■ WHAT IS NEEDED: Pictures must not appear in the copy. Set down exactly the line with "visage inscrit dans l'écorce d'un arbre" and each line after it through the end of the data below.

■ DATA EXCERPT:
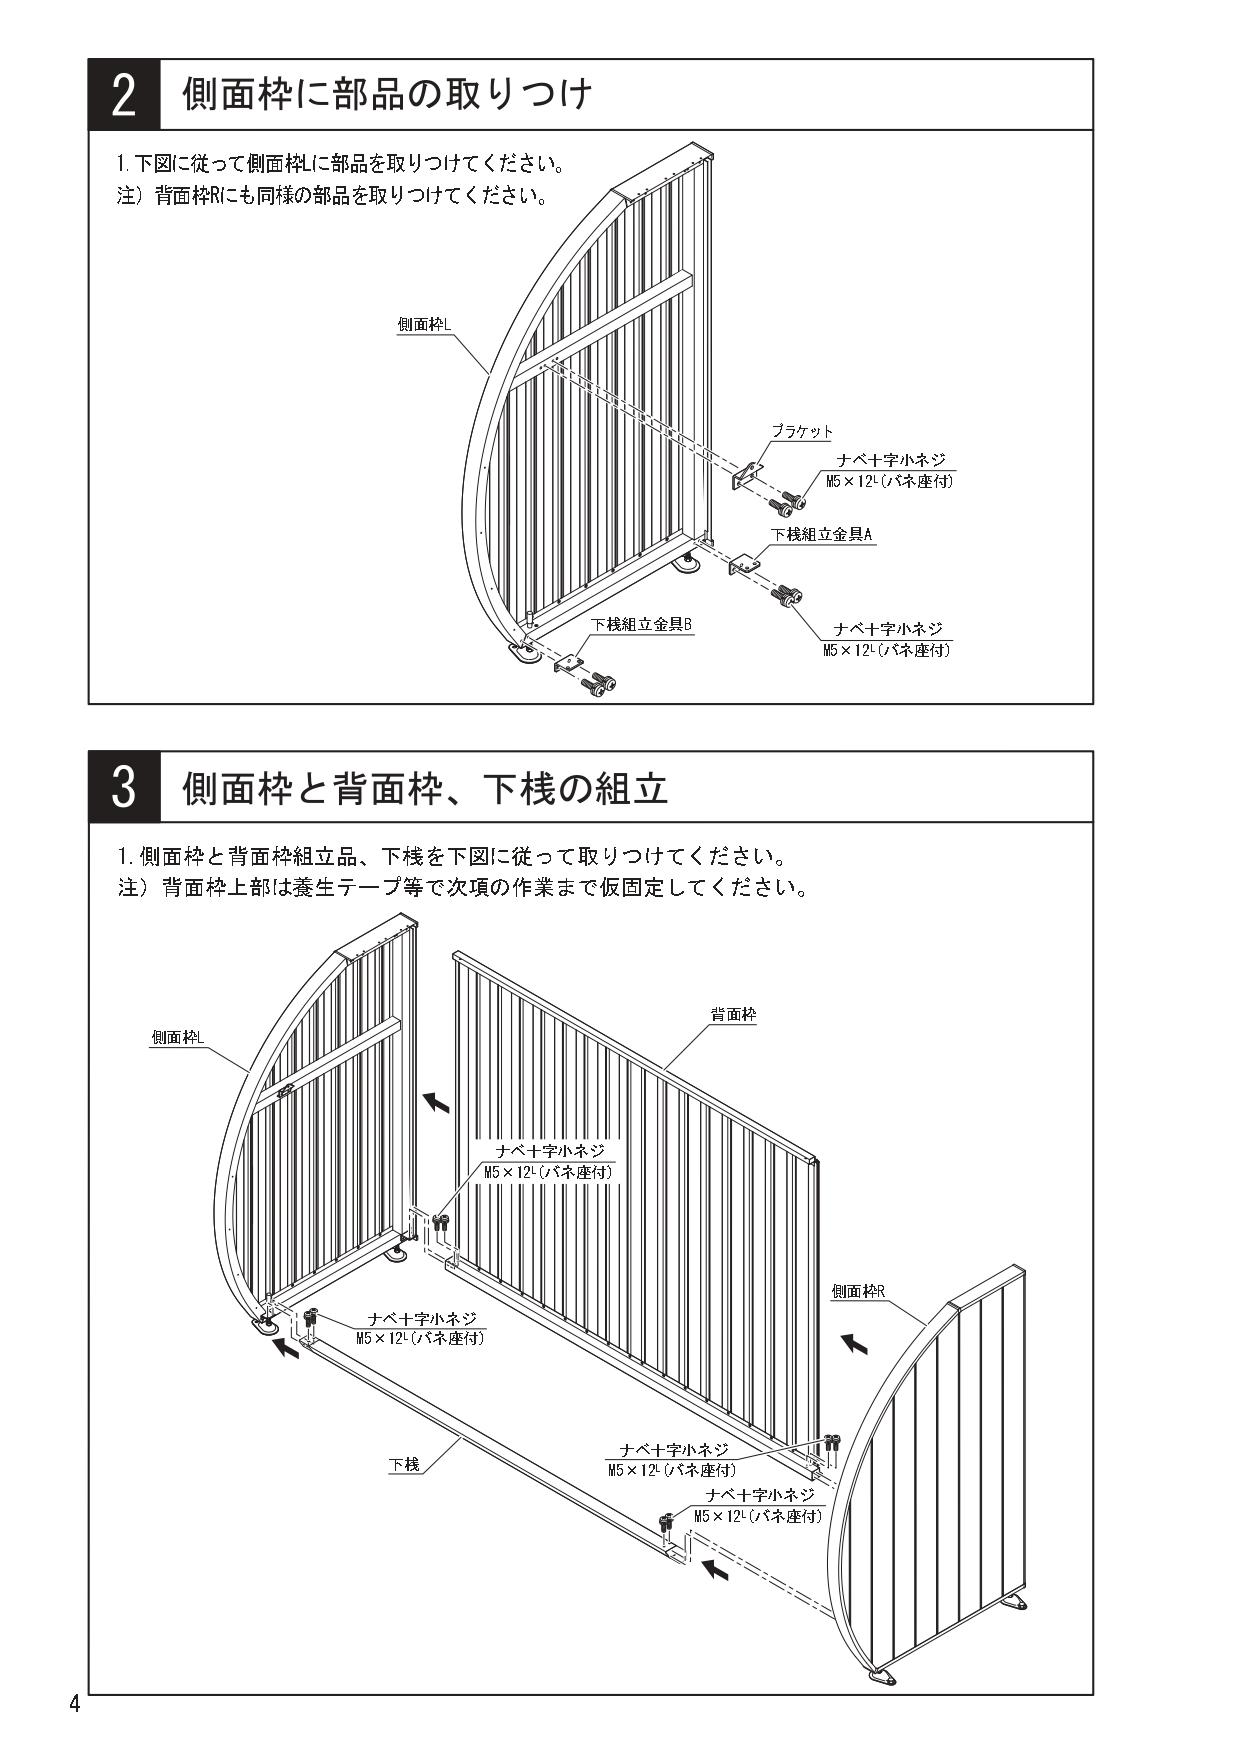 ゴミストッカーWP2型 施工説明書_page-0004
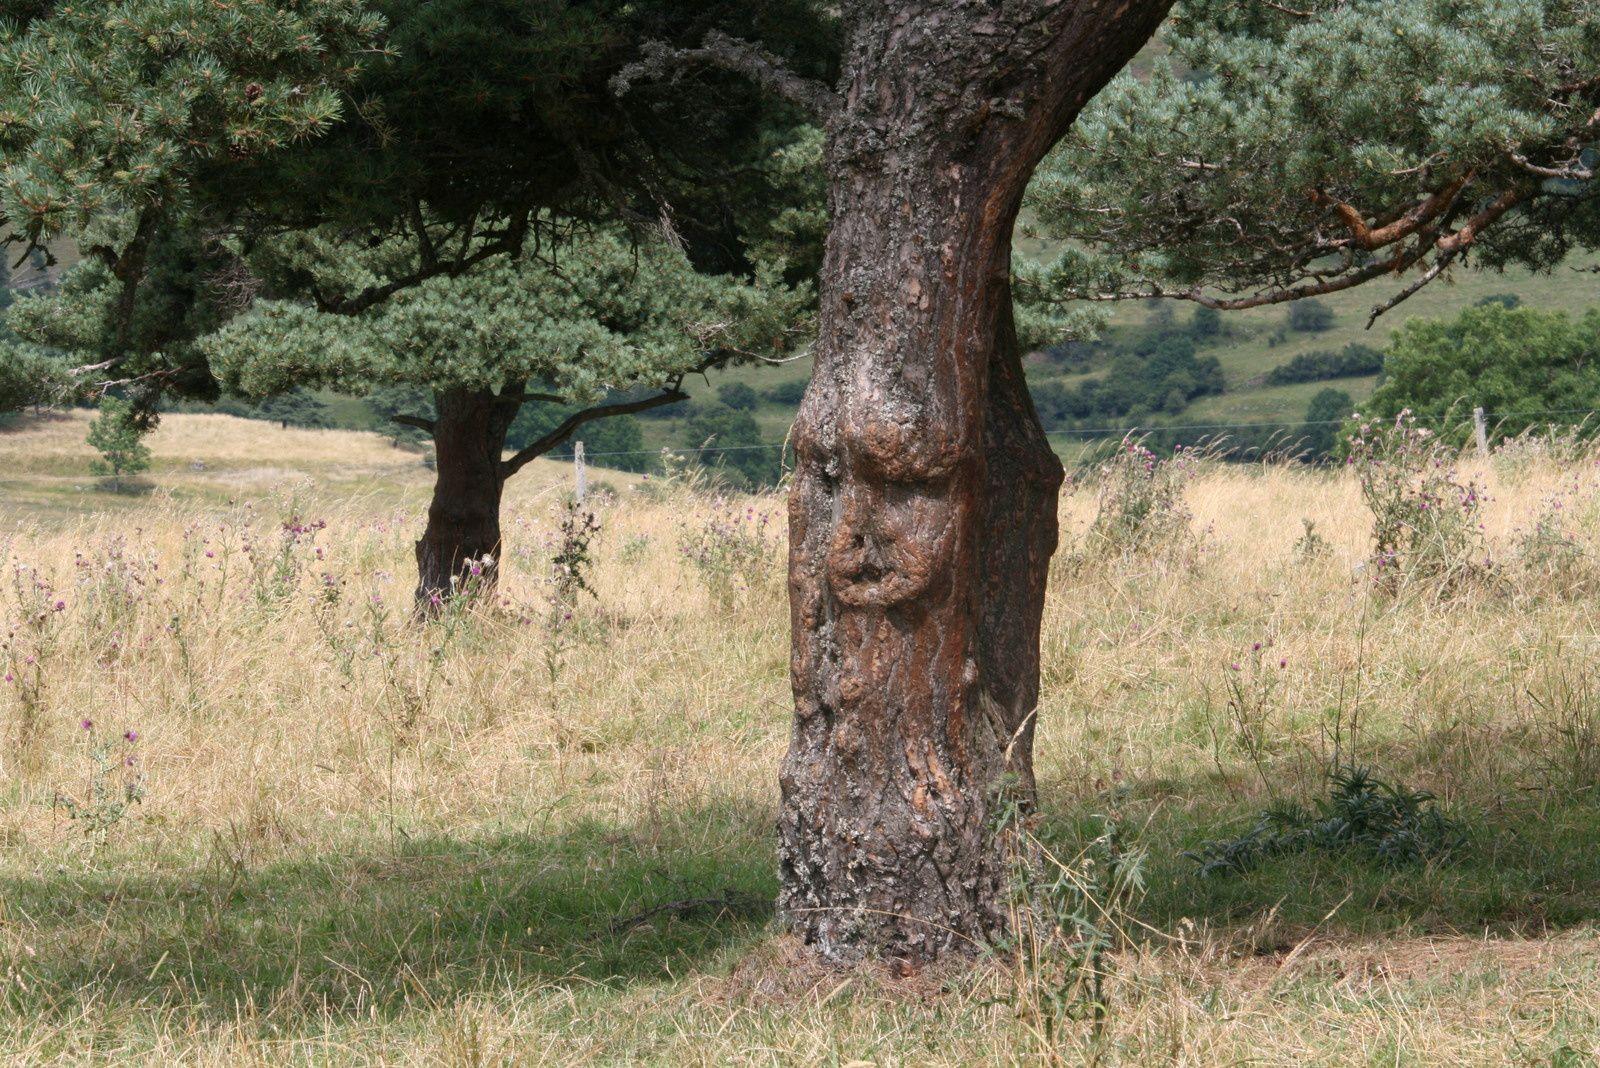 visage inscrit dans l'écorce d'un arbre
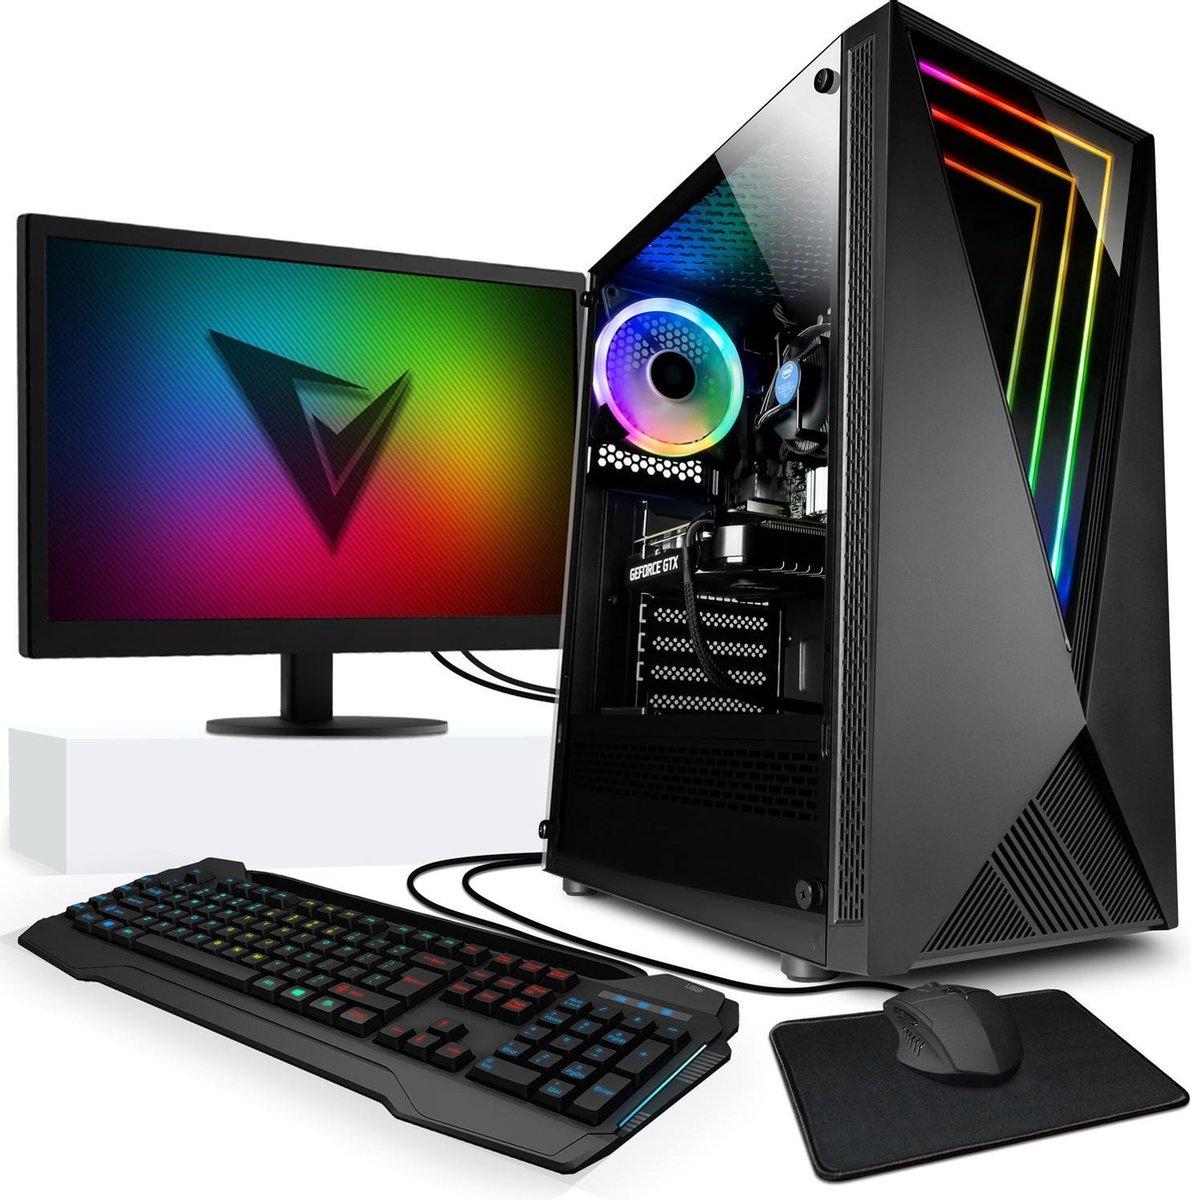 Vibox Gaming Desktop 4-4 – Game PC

■ RESULT OF THIS EXERCISE:
 visage inscrit dans l'écorce d'un arbre
 Vibox Gaming Desktop 4-4 – Game PC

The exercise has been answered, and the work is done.